Jemma Mary Brett, Zoology BSc, class of 2016

  • What do you enjoy most about your course?

"The modules are diverse, ranging from molecular to organismal, which provides a thorough grounding in the study of the life sciences. All of the lecturers are very knowledgeable and are always happy to answer questions."

  • What's it like being a student in London?

"It's great to be a zoology student in London as you are able to visit places that are close by such as: ZSL London Zoo, Richmond Park and the Natural History Museum, to name but a few."

  • What do you think of the services at QMUL?

"The facilities on campus are excellent; there are quiet study areas within the library and also separate rooms for completing group work. The library stocks a wide range of books both on the shelves and electronically. The School of Biological and Chemical Sciences has several laboratories which are fully equipped and modern which is great for when you have sessions in the lab."

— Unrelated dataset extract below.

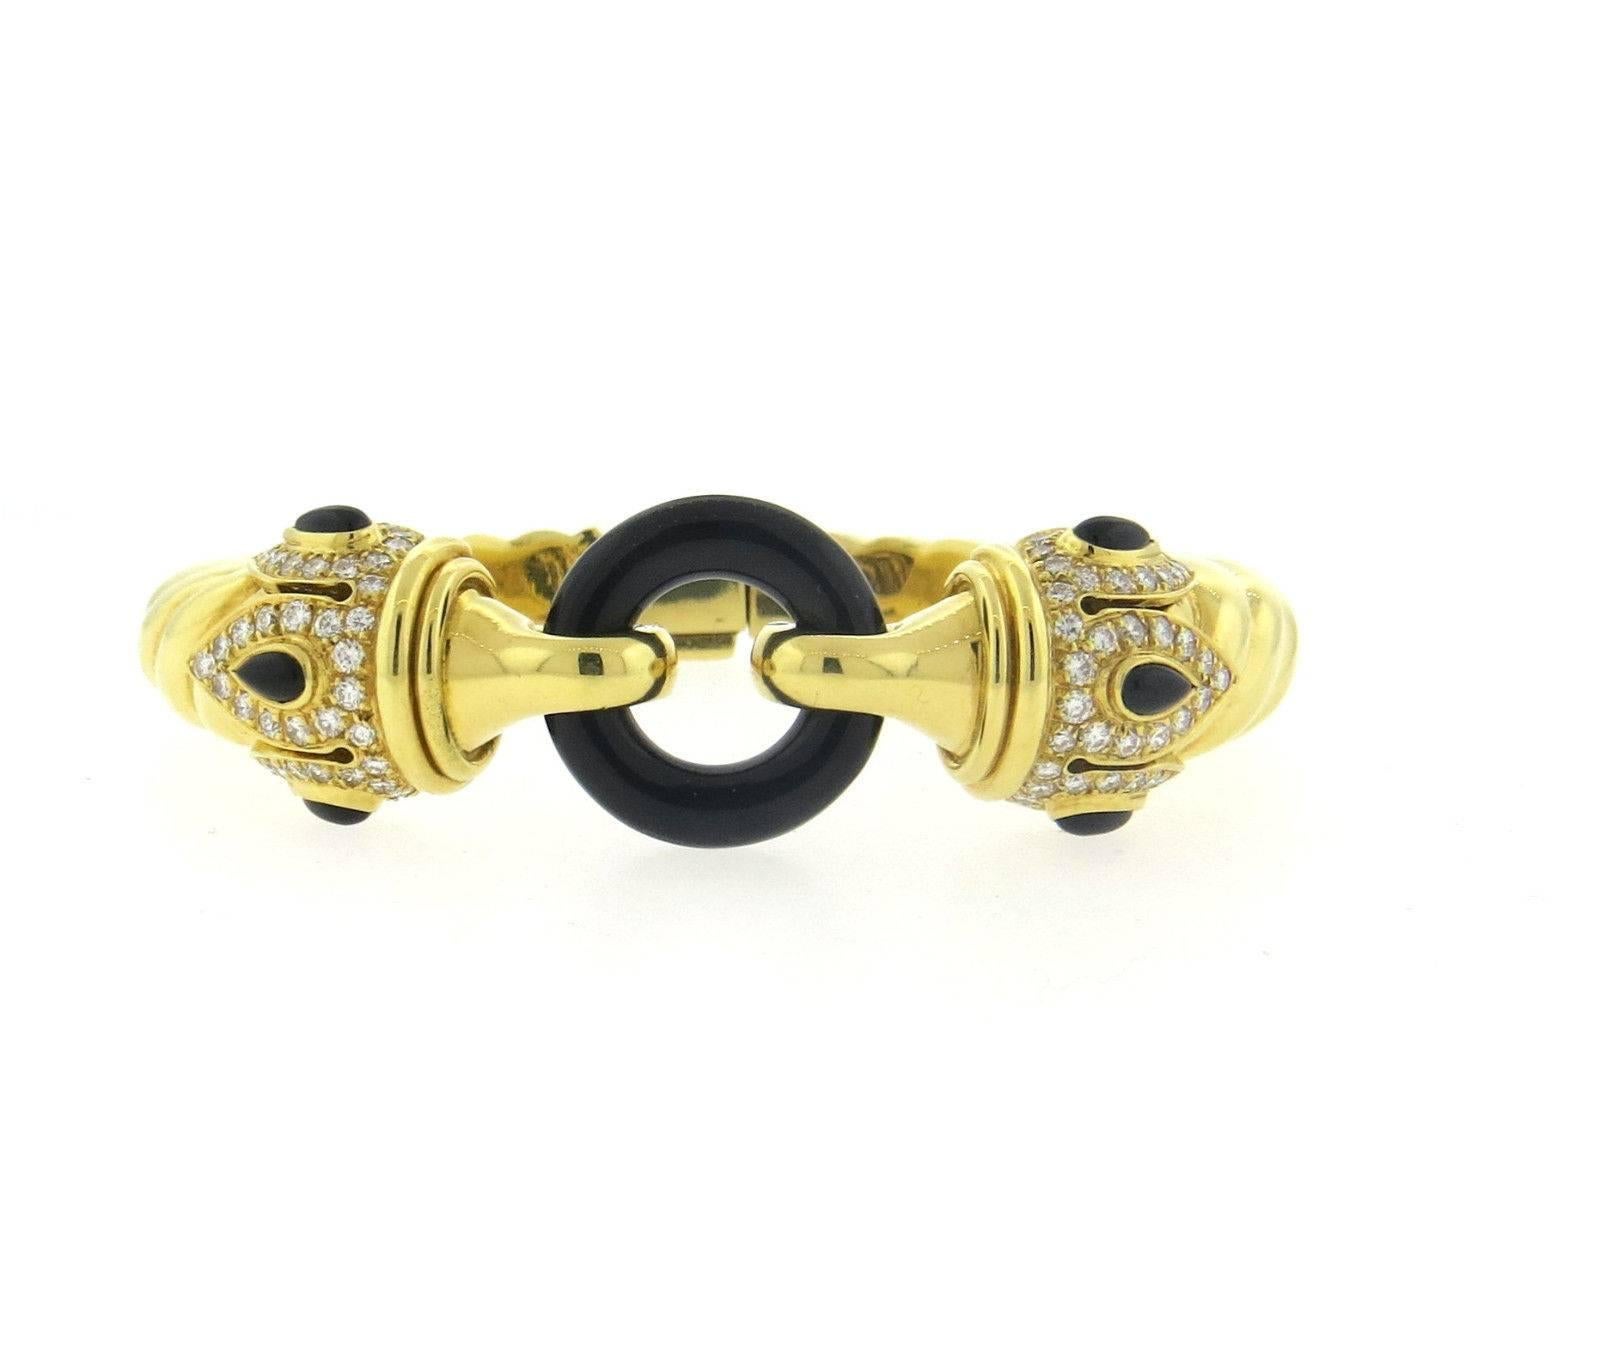 An 18k yellow gold bracelet set with approximately 1 carat of GH/VS diamonds and onyx.  Crafted in Italy, the bracelet will fit up to 7

  • How do you think your QMUL qualification will help your future career?

"After I finish my degree at QMUL, my ultimate goal is to study Graduate Veterinary Medicine. I feel confident as QMUL has given me a good grounding in the life sciences. Coming to QMUL has been the best decision that I have ever made."


Constance Flora Chapman, Zoology BSc, class of 2017

  • What do you enjoy most about your course?

"My degree has taught me things that will help me in the future, especially experience of fieldwork that will help me stand out against other candidates.  I feel like QMUL really takes into consideration not just teaching you all the basic science knowledge you need to go into your career, but also gives you the opportunity to really know what your career could involve on a practical level."

  • What's it like being a student in London?

"Everything is on your doorstep; you're surrounded by so many resources that can really help in your degree, from the range of libraries and museums and labs, to simply just experiencing the hustle and bustle of London life."

  • What do you think of the services at QMUL?

"The labs in the SBCS building are all very snazzy; all seem to have very up to date equipment and endless supplies for the experiments that we do."

  • How do you think your QMUL qualification will help your future career?

"QMUL really does give you opportunities and compulsory parts of your degree that are going to make you stand out - the little life lessons that really start making you think about your career path and let you test the waters of different scientific career paths."

  • What do you enjoy most about your course?

"There are a lot of lecturers that really value your opinion and working alongside you. They always take your questions into account and find a way to get the message across. So many of them will go out of their way to help you and guide you and that is so important for young people who are trying find their way in the world."